AstraZeneca and Roche Tissue Diagnostics are extending their existing collaboration to co-develop a novel companion diagnostic incorporating AstraZeneca’s proprietary computational pathology platform, QCS, which will be deployed within Roche’s navify Digital Pathology image management system.

Jill German, Head, Roche Tissue Diagnostics, said: "Our collaboration with AstraZeneca continues to push the boundaries of traditional cancer diagnostics. By developing an innovative Al tool that goes beyond human capabilities, the solution will be able to help determine which cancer patients are most likely to benefit from targeted therapies, potentially improving patient care."

Under this expanded collaboration, Roche Tissue Diagnostics and AstraZeneca will co-develop and commercialise a novel companion diagnostic in Roche’s navify Digital Pathology platform, based on the QCS computational pathology platform, to aid pathologists in interpreting an investigational VENTANA TROP2 assay.

As the leading provider of pathology lab solutions, Roche Tissue Diagnostics is delivering an end-to-end digital pathology workflow from tissue staining to producing high-quality digital images that can be reliably assessed using automated clinical image analysis algorithms.

Notes

Advanced non-small cell lung cancer
Nearly 2.5 million lung cancer cases were diagnosed globally in 2022.6 NSCLC is the most common type of lung cancer, accounting for about 80% of cases.7 Approximately 75% and 25% of NSCLC tumours are of nonsquamous or squamous histology, respectively.8 While immunotherapy and targeted therapies have improved outcomes in the 1st-line metastatic setting, most patients eventually experience disease progression and receive chemotherapy.9-11 For decades, chemotherapy has been the last treatment available for patients with advanced NSCLC, despite limited effectiveness and known side effects.9-11

TROP2 is a protein broadly expressed in the majority of NSCLC tumours.1 There is currently no TROP2-directed ADC approved for the treatment of lung cancer.12,13

TROPION-Lung01
TROPION-Lung01 is a global, randomised, multicentre, open-label Phase III trial evaluating the efficacy and safety of datopotamab deruxtecan (6.0mg/kg) versus docetaxel (75mg/m2) in adult patients with locally advanced or metastatic NSCLC with and without actionable genomic alterations who require systemic therapy following prior treatment. Patients with actionable genomic alterations were previously treated with platinum-based chemotherapy and an approved targeted therapy. Patients without known actionable genomic alterations were previously treated, concurrently or sequentially, with platinum-based chemotherapy and a PD-1 or PD-L1 inhibitor.

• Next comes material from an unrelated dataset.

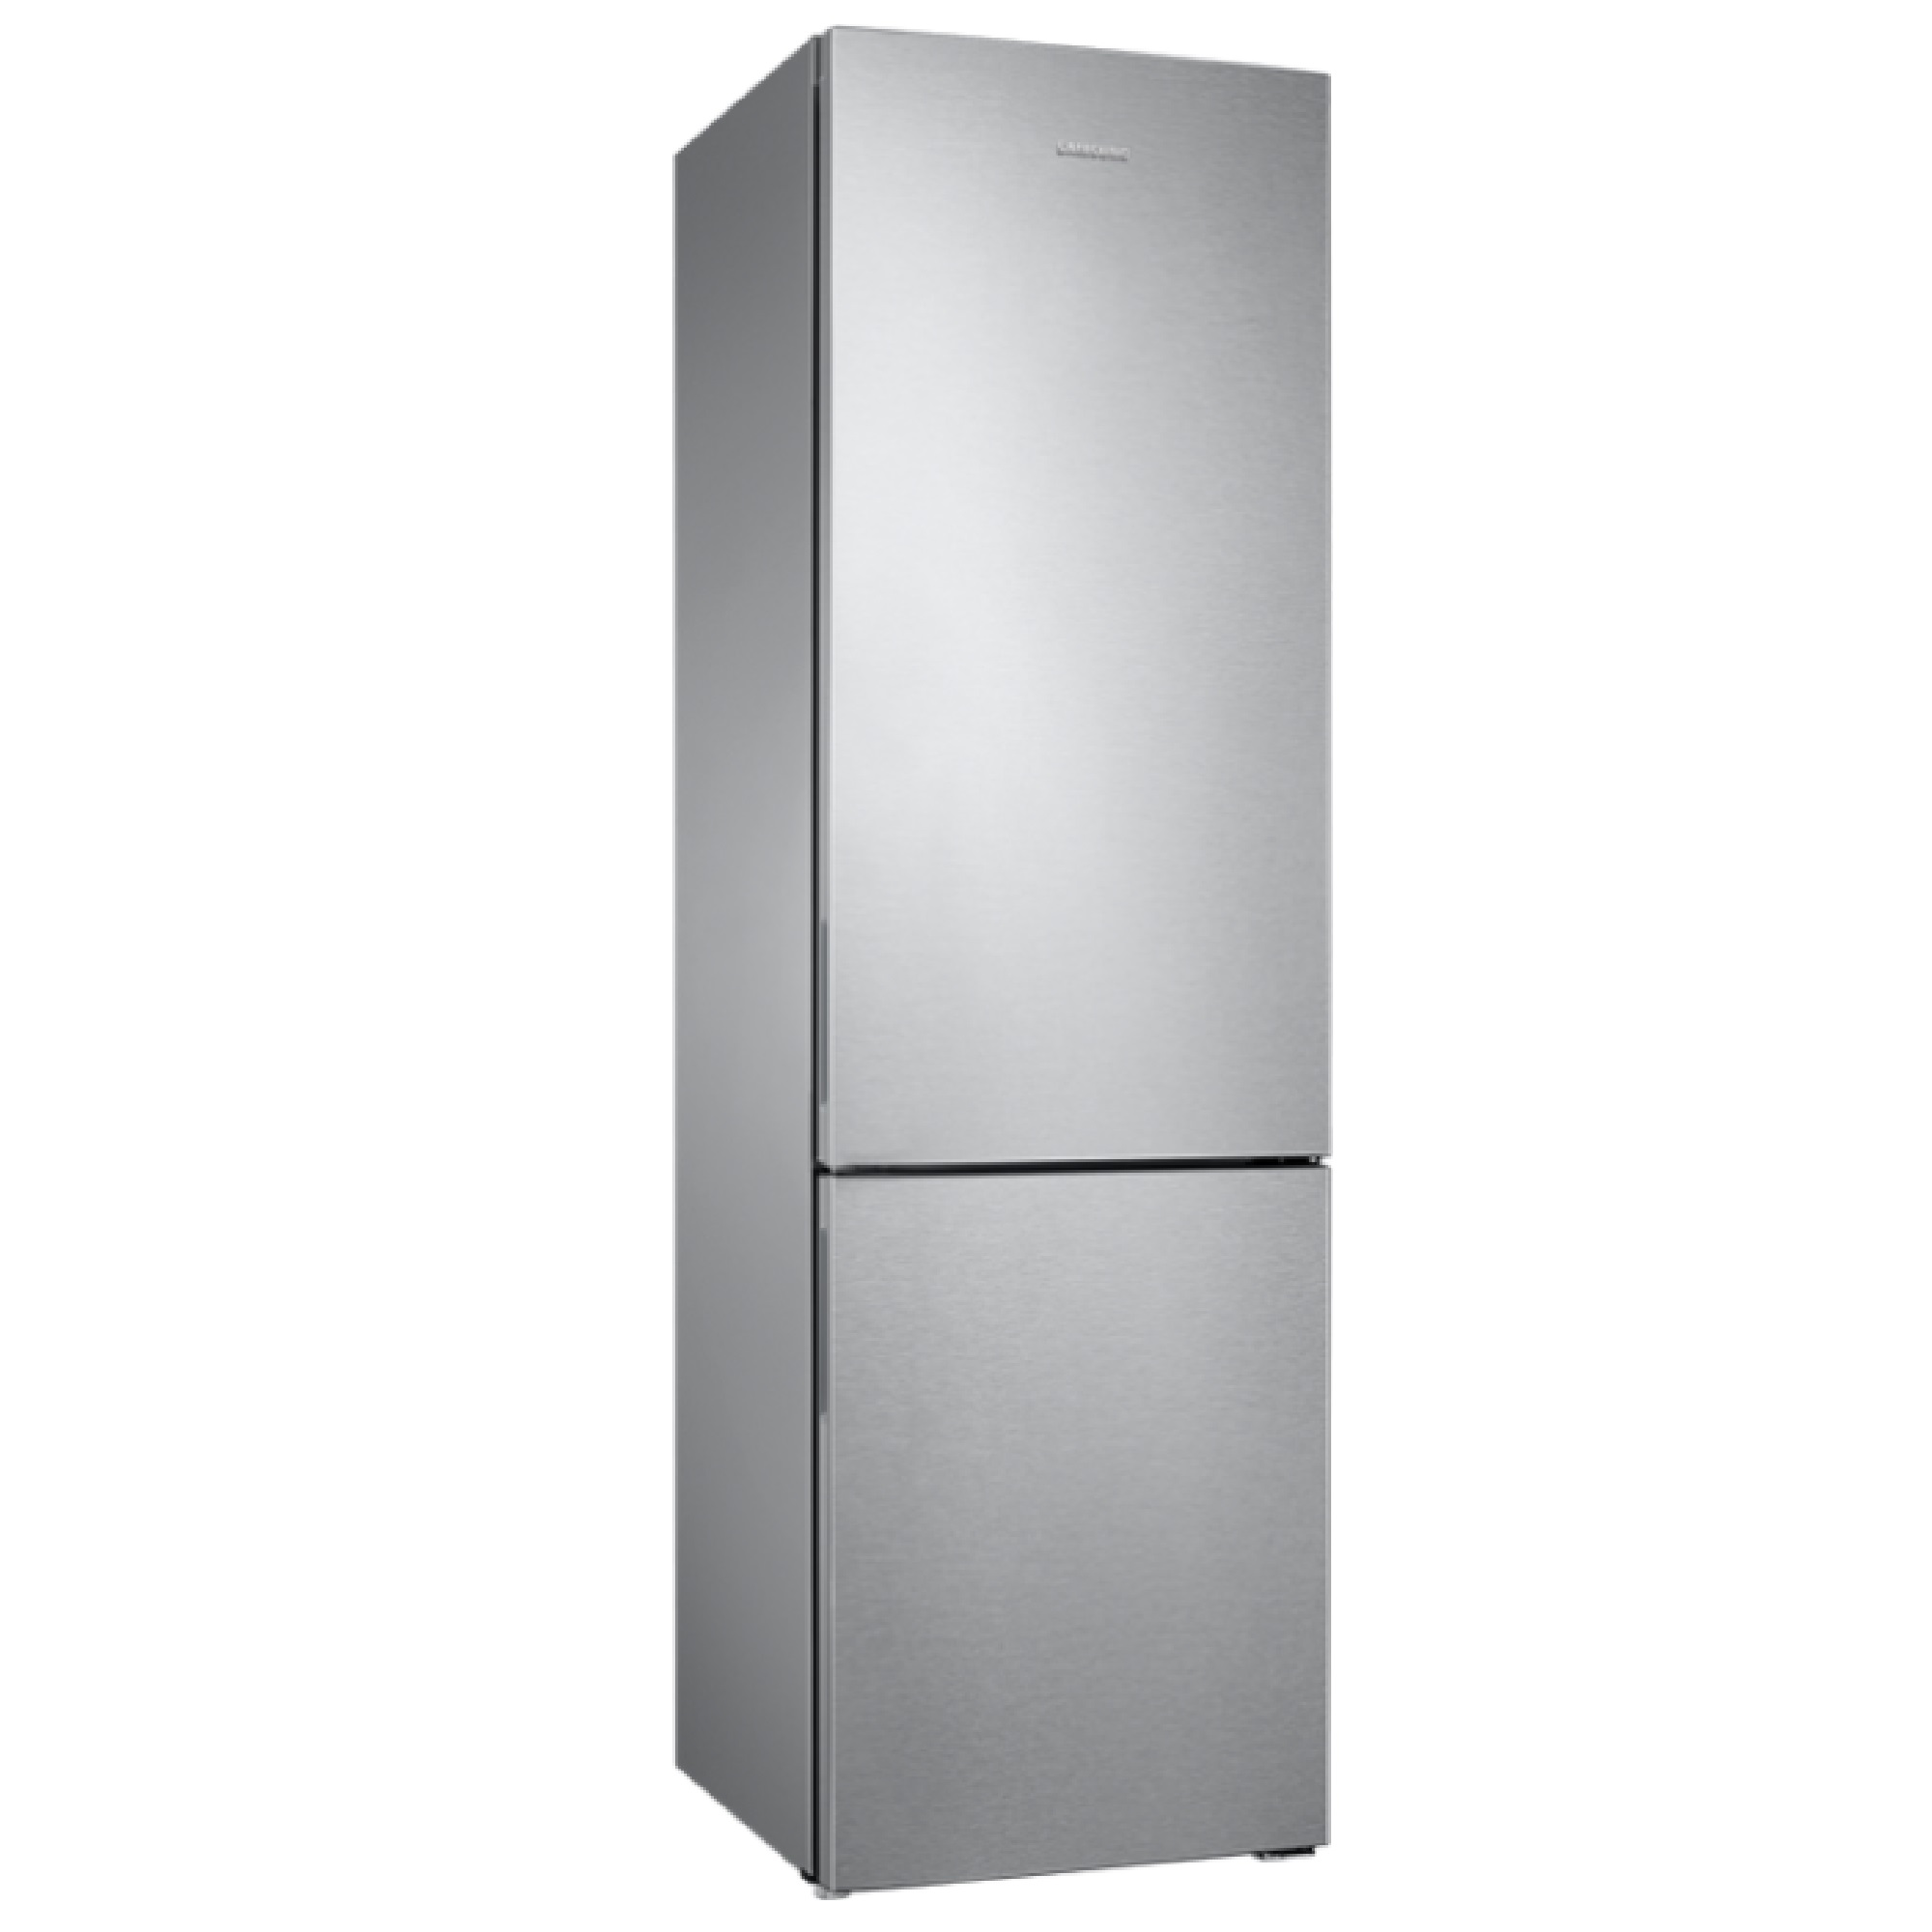 Купить холодильник в ярославле недорого. Холодильник самсунг rb34k6220ss. Холодильник Samsung rb37a5200sa серебристый. Холодильник Samsung RB-34 k6220s4. Холодильник Samsung rb37p5300sa/w3.

The dual primary endpoints of TROPION-Lung01 are PFS as assessed by blinded independent central review (BICR) and OS. Key secondary endpoints include investigator-assessed PFS, objective response rate, duration of response, time to response, disease control rate as assessed by both BICR and investigator, and safety.

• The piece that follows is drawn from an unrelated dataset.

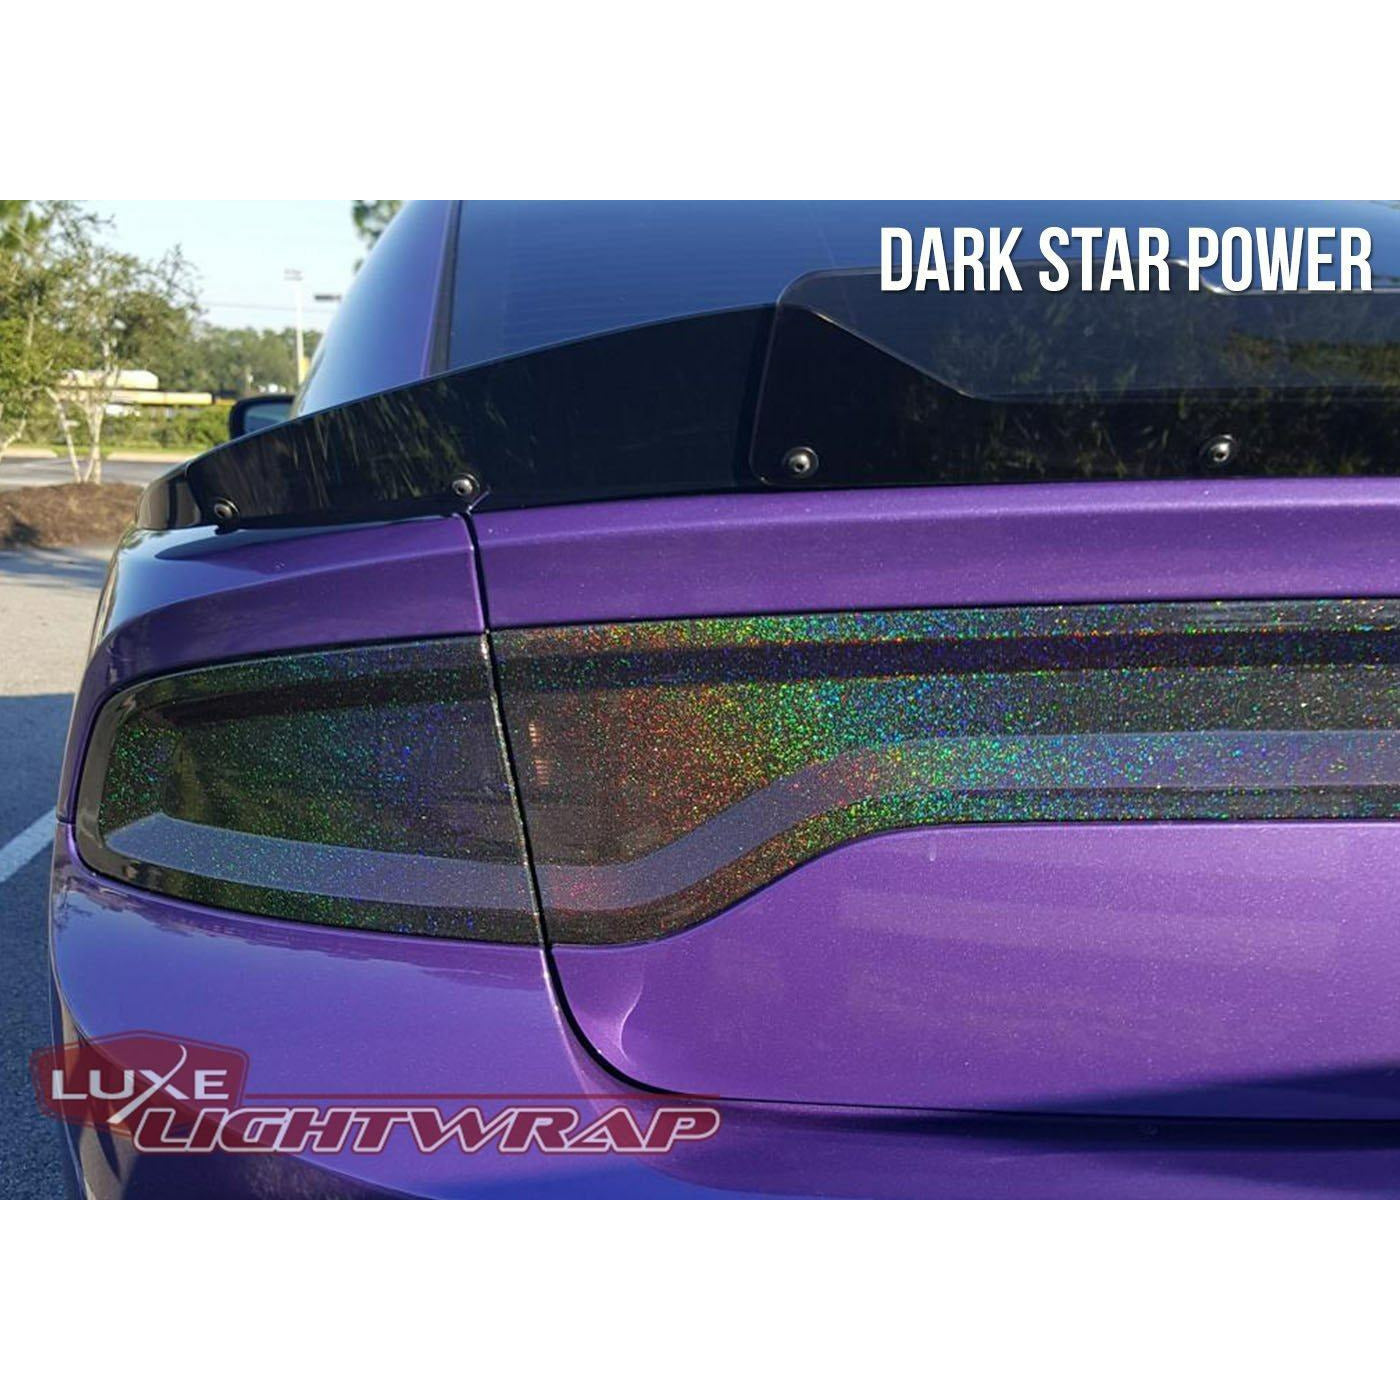 Luxe LightWrap - FX Dark Star Power - LightWrap

TROPION-Lung01 enrolled approximately 600 patients in Asia, Europe, North America, Oceania and South America. For more information visit ClinicalTrials.gov.

Datopotamab deruxtecan (Dato-DXd)
Datopotamab deruxtecan (Dato-DXd) is an investigational TROP2-directed ADC. Designed using Daiichi Sankyo’s proprietary DXd ADC Technology, datopotamab deruxtecan is one of six DXd ADCs in the oncology pipeline of Daiichi Sankyo, and one of the most advanced programmes in AstraZeneca’s ADC scientific platform. Datopotamab deruxtecan is comprised of a humanised anti-TROP2 IgG1 monoclonal antibody, developed in collaboration with Sapporo Medical University, attached to a number of topoisomerase I inhibitor payloads (an exatecan derivative, DXd) via tetrapeptide-based cleavable linkers.

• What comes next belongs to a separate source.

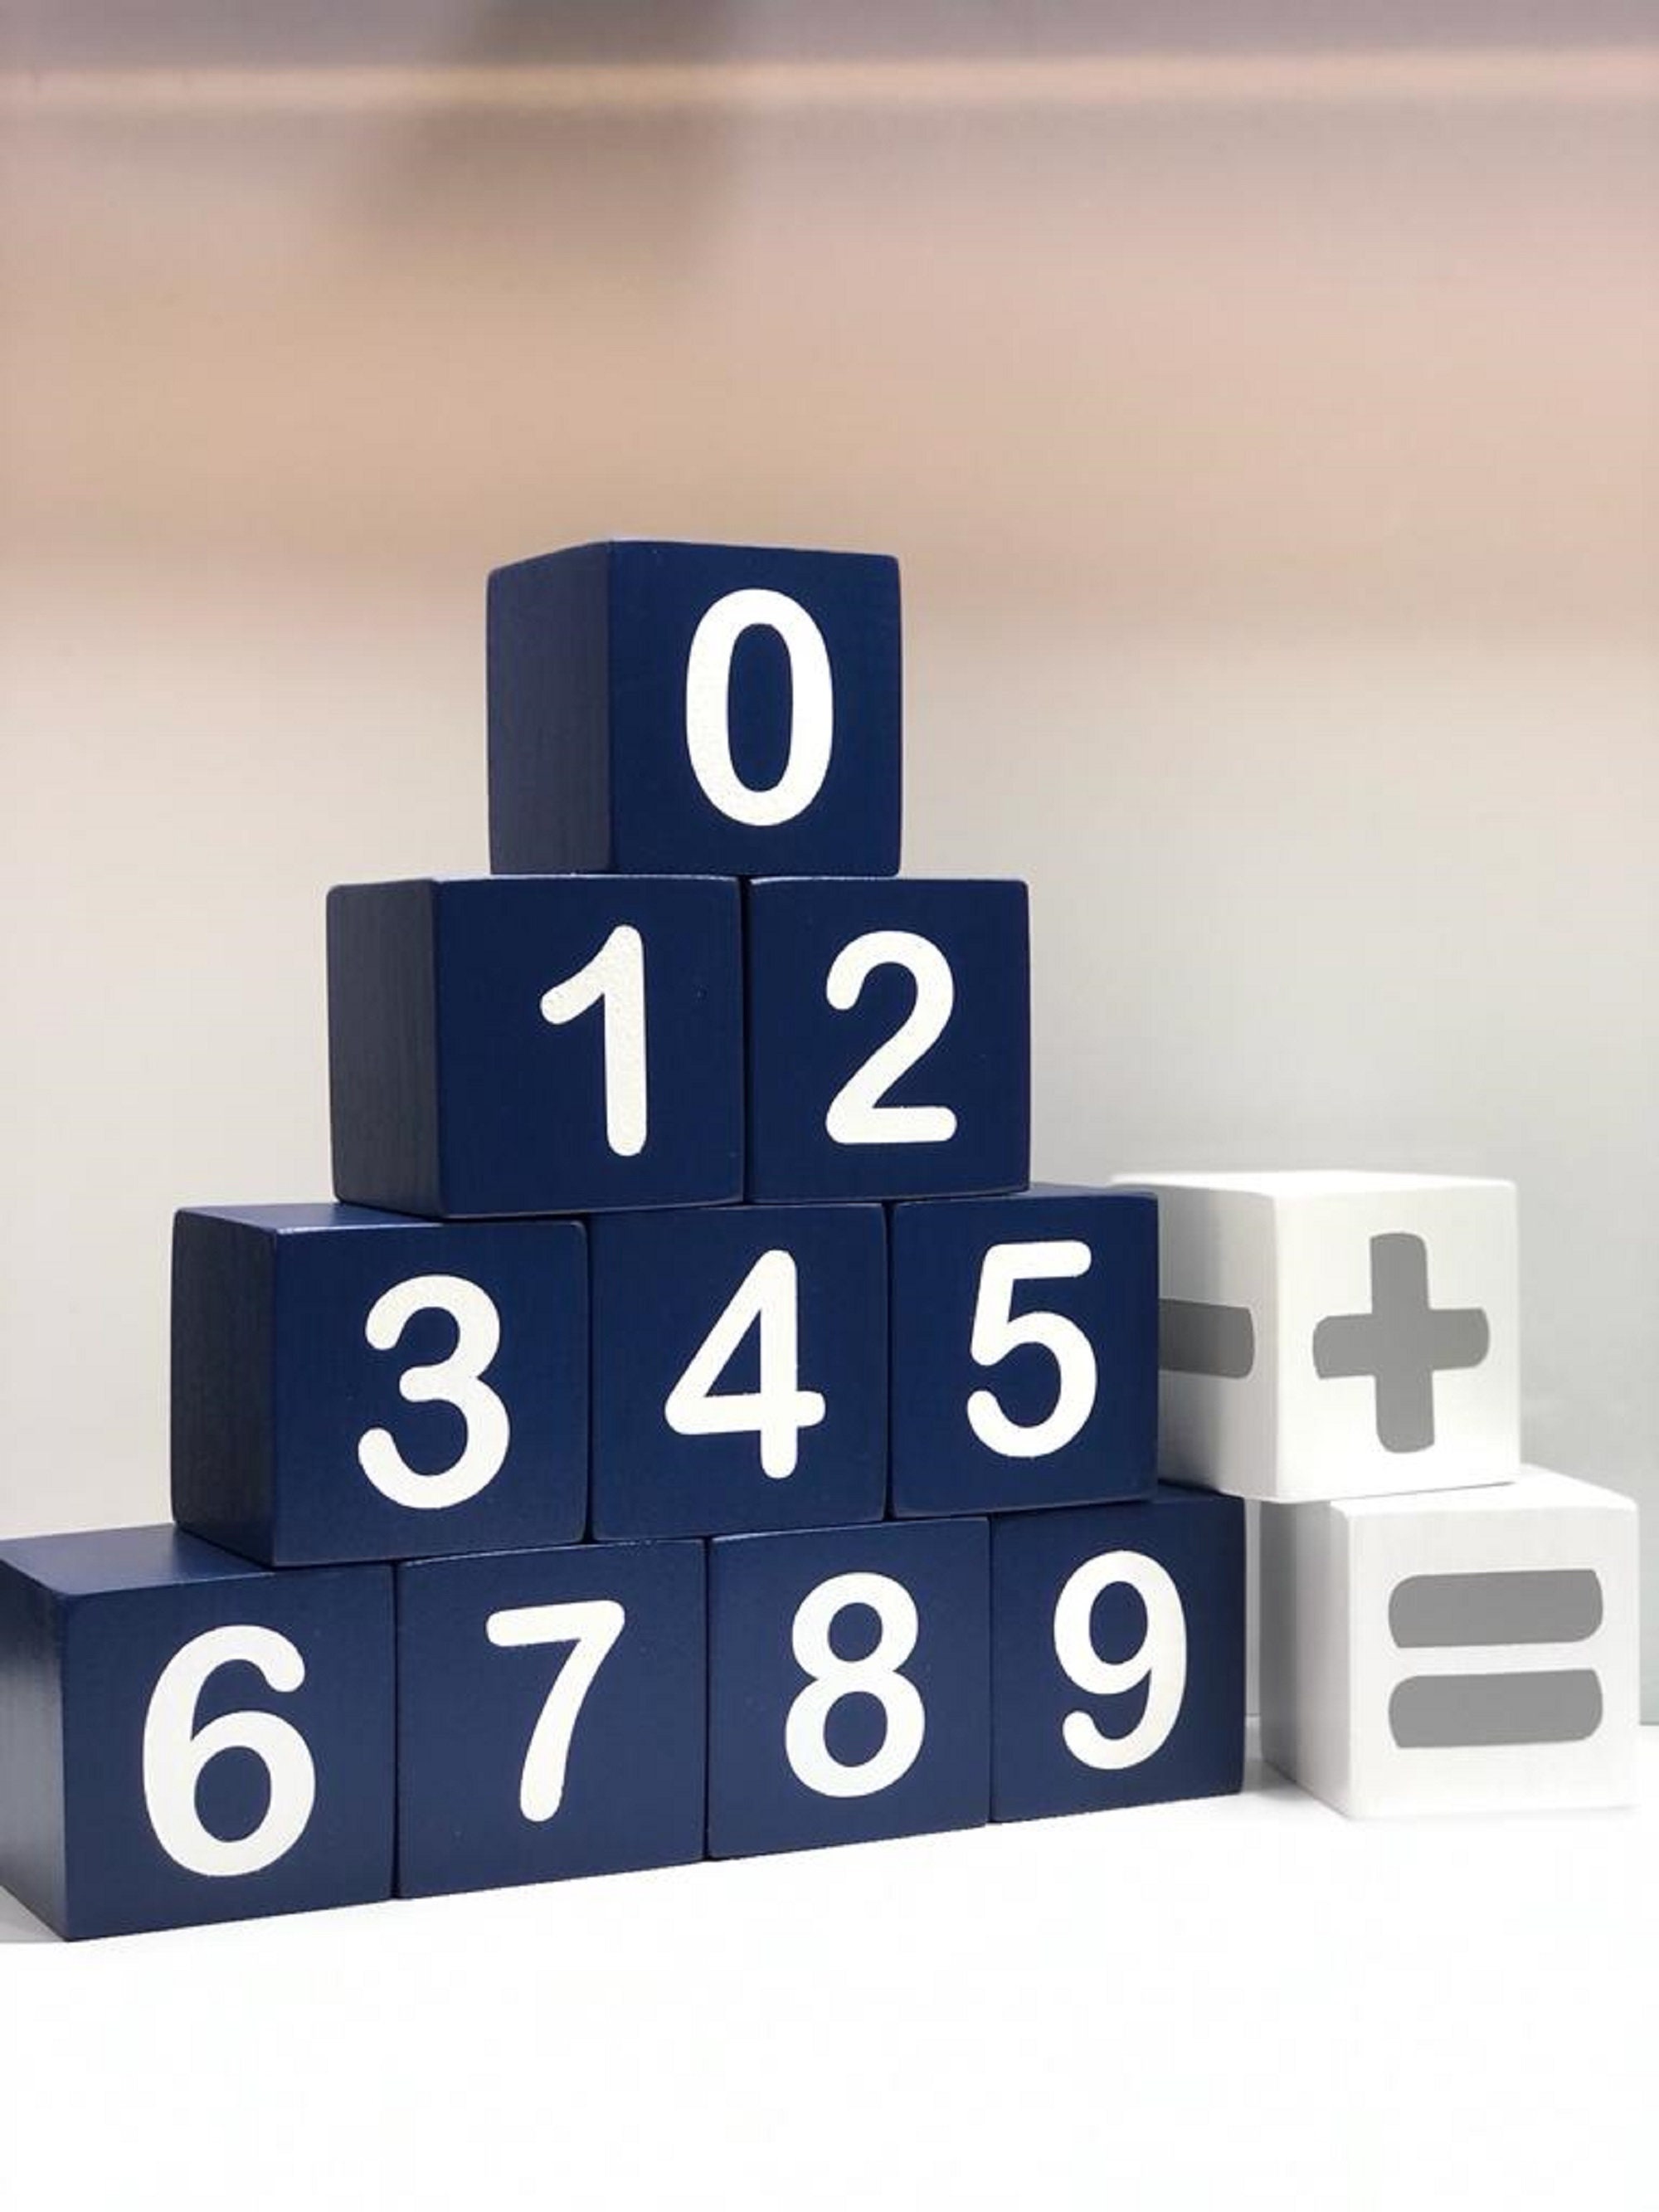 Cubos de madera, 100 bloques cuadrados de madera cúbica sin terminar para  contar matemáticas, manualidades, juego infantil, 0.6 in

A comprehensive global clinical development programme is underway with more than 20 trials evaluating the efficacy and safety of datopotamab deruxtecan across multiple cancers, including NSCLC, triple-negative breast cancer and HR-positive, HER2-negative breast cancer. The programme includes seven Phase III trials in lung cancer and five Phase III trials in breast cancer evaluating datopotamab deruxtecan as a monotherapy and in combination with other anticancer treatments in various settings.